The Atos threat illustrates the need for many of the vital reforms that the libel reform campaign has sought for nearly two years now. Firstly, at a time when internet hosts give a home to billions of comments and opinions, it is vital that the law regarding their liability is updated. It's unsustainable for the likes of CarerWatch's hosts, or any other Internet Service Providers, to be held responsible for the ocean of content they host. The Government acknowledged that ISPs' legal status in libel law needed looking at, but short of including a clause addressing the problem in their draft Defamation Bill, they chose to kick the issue into the long grass via a consultation; as we await the Government's response to the consultation, it's vital we keep up the pressure to amend the law with respect to ISPs and bring defamation law into the 21st century.

In addition, those seeking redress should be required to approach the authors of the allegedly offending material directly and have the matter resolved without recourse to heavy-handed threats of legal action.
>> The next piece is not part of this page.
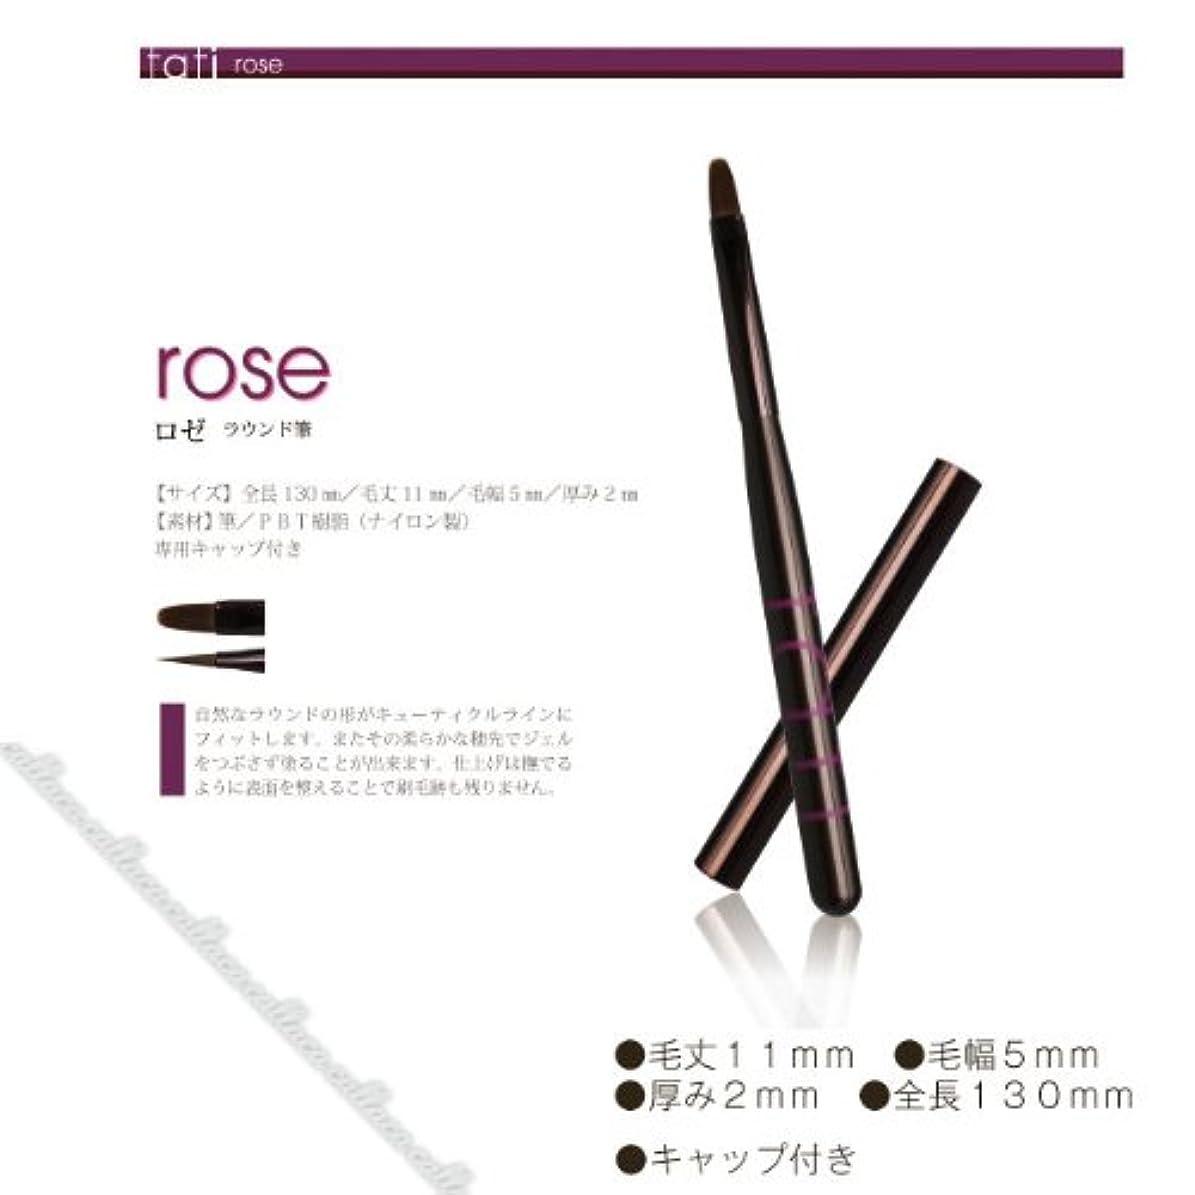 二十キルス目指すtati ジェル ブラシアートショコラ rose (ロゼ)

It's been proposed that for a libel action to proceed plaintiffs should prove that all reasonable steps had been taken to resolve the matter, including asking for the allegedly defamatory material to be removed by the authors. Had this requirement been in place, CarerWatch's hosts could have safely ignored the threat knowing that this hadn't occurred.

Finally, the fact that a multi-billion pound corporation was able to issue such a threat to a small voluntary organisation at all is a great concern, not least as the company in question provides a public service for which it ought to be held accountable. Activists within the libel reform coalition have called for the law to be changed, such that non-natural persons are no longer able to sue for libel. This stems from the fact that  Articles 8 and 10 of the European Convention on Human Rights, relating to privacy and free expression, should only apply to actual individuals and not to corporations who in other respects are regarded as persons under the ECHR. A technical legal argument it may be, but it's crucial here. Libel is intended as a form of redress for those whose reputation has been damaged - the libel reform movement's contention is that corporate bodies don't enjoy a reputation in the same way as natural persons do, and hence should be prevented from suing in libel. Should their financial position be damaged they could always sue for malicious falsehood, but libel should be out-of-bounds for corporations.

Here is where we see a real danger in the outsourcing of previously public functions to private entities.

Public bodies cannot sue for libel following a ruling in Derbyshire County Council vs The Times in 1993. The reasoning behind this ruling was that public bodies carrying out public functions should remain accountable at all levels and should not be able to wield libel law as a tool to silence criticism. A grey area opens up, however, when private companies are contracted to carry out governmental functions. Not only is criticism of said function now subject to silencing through the libel system, the remit of the Freedom of Information Act 2000 also suggests that these companies are immune from FoI requests as to their actions. As I reported in January this year, Deputy Prime Minister Nick Clegg acknowledges that if more and more public functions are carried out by private companies, we may need to extend the FoI Act to ensure that these companies can be held to account.

Until and unless both the libel laws and FoI legislation of this country are radically reformed, we will continue to see unaccountable private corporations effectively silencing free debate; an overhaul of both is crucial if we are to prevent further episodes like Atos vs CarerWatch and countless other instances where free expression is suppressed.